Last week, the office of Switzerland’s National Contact Point (NCP), which promotes Swiss compliance with various OECD guidelines, quietly issued what may turn out to be a very important ruling. The NCP accepted a petition from the Building and Wood Workers’ International (BWI) regarding FIFA’s obligation to protect migrant construction workers in Qatar, the planned venue for its 2022 World Cup tournament. The ruling essentially rejected FIFA’s arguments that as a not-for-profit it is exempted from OECD guidelines, and that the organization cannot directly influence standards in Qatar.
The NCP will now host a dialogue between BWI and FIFA, with the aim of reaching an agreement between the two parties. In addition addressing the ways in which FIFA can help ensure improved labor standards in future hosting scenarios, the parties will discuss steps the sports governing body can take to pressure the Qatar Government to better protect the rights of workers already there.
Several contingencies will determine whether the ruling will have a meaningful impact on the situation of migrant workers in the Gulf and beyond. The first is whether the upcoming discussions will lead to an agreement essentially in line with BWI’s demands, or if FIFA will once again fail to commit to significant measures. The second revolves around the question of specific leverage points that FIFA may have vis-à-vis Qatar. FIFA will likely continue to argue, as it consistently has, that it cannot influence the situation because hosting rights have already been awarded to Qatar and because it does not control the companies undertaking construction projects there. In reality, FIFA can threaten to initiate proceedings to rescind Qatar’s hosting rights, and can work with its own corporate sponsors on strategies for change.
Moreover, while the ruling to accept BWI’s petition does not carry broader legal force, the decision and ensuing dialogue can serve as important precedents for other OECD states grappling with the supply chain responsibilities of multinational corporations based in their respective jurisdictions. This particular case relates to a Swiss-based sporting entity's business relationship with a Gulf government, but it would not be difficult to argue that the same thinking should apply to Swiss-based construction firms that operate internationally, and eventually to construction firms and other companies based in all OECD member states. If the dialogue does result in a set of meaningful commitments, it could form the basis for broader discussions on these industries’ roles.
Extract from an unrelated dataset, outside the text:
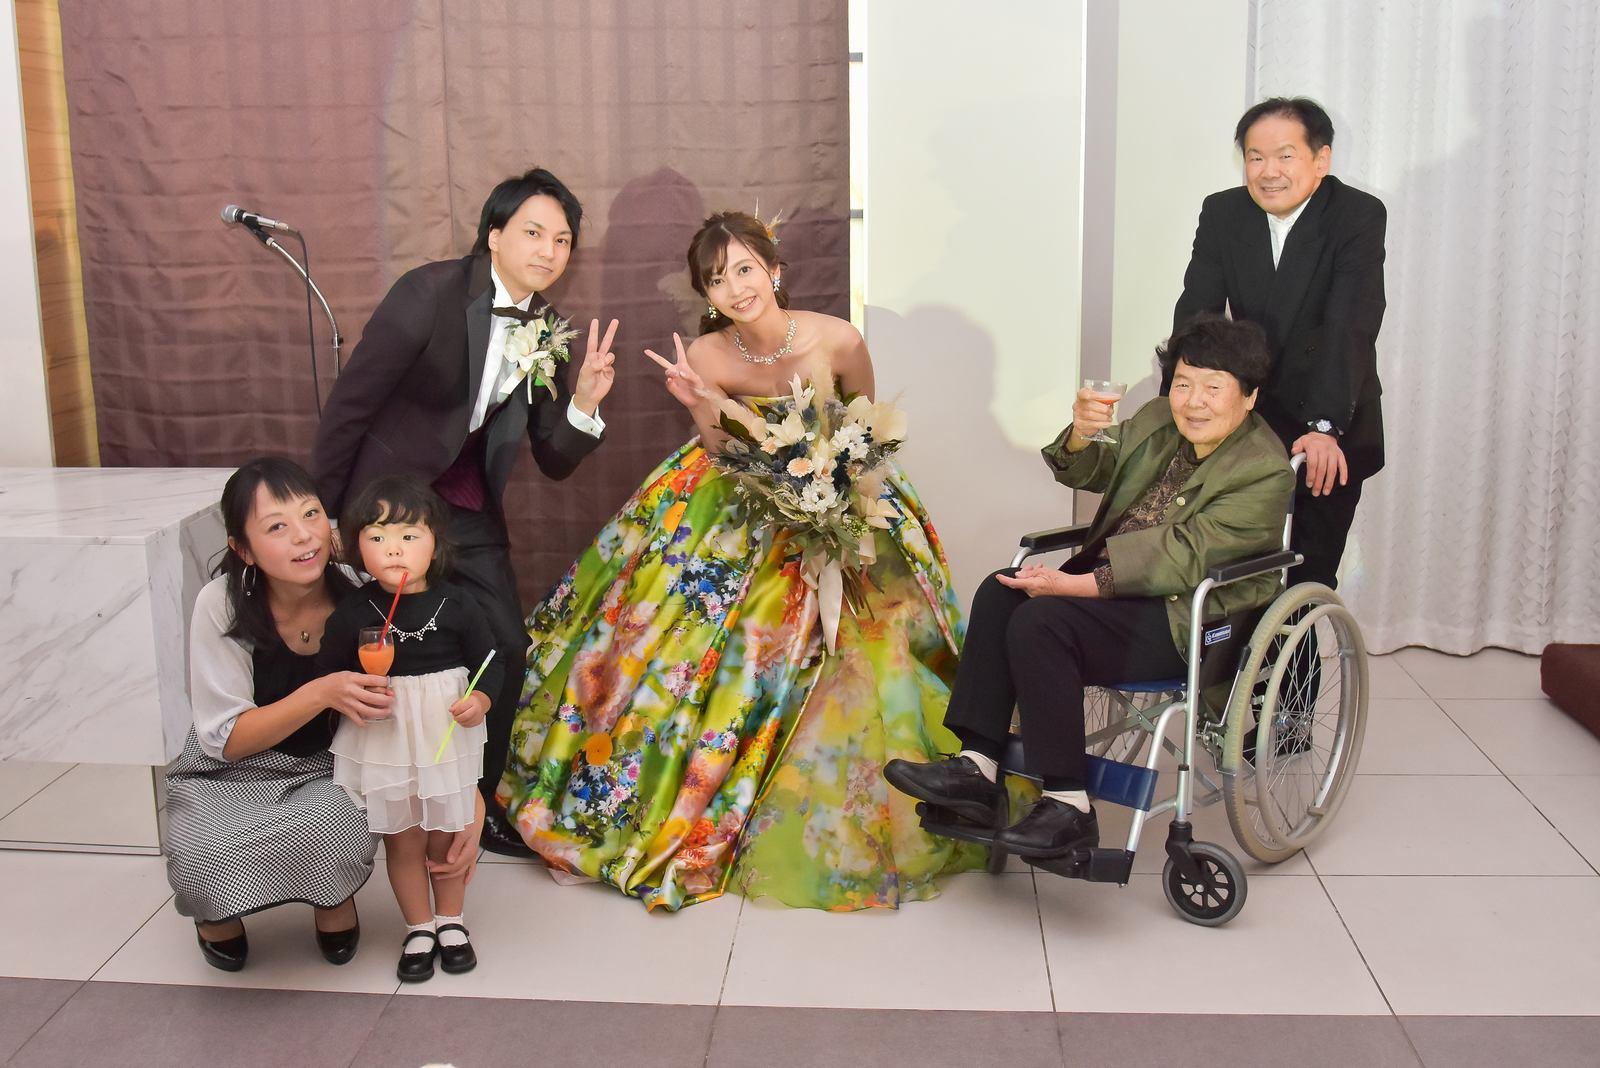 香川県の結婚式場シェルエメール&アイスタイル カクテルパフォーマンス

This is not the first time that the Swiss NCP has entered the fray on corporate supply chain responsibility. In 2011, it accepted a complaint by the European Centre for Constitutional and Human Rights (ECCHR) against a Swiss-based company that the ECCHR alleged had purchased cotton produced by child labor in Uzbekistan. The resulting dialogue led to an agreement on steps the company would take to help fight the phenomenon. The ruling reinforced other high-profile civil society campaigns on the issue, and over the past few years the number of child laborers working on cotton in Uzbekistan declined.
Now, the Swiss NCP and BWI have given FIFA officials yet another – and maybe final – opportunity to take meaningful action for the rights of workers in Qatar. Let’s hope they don’t once again pass it up.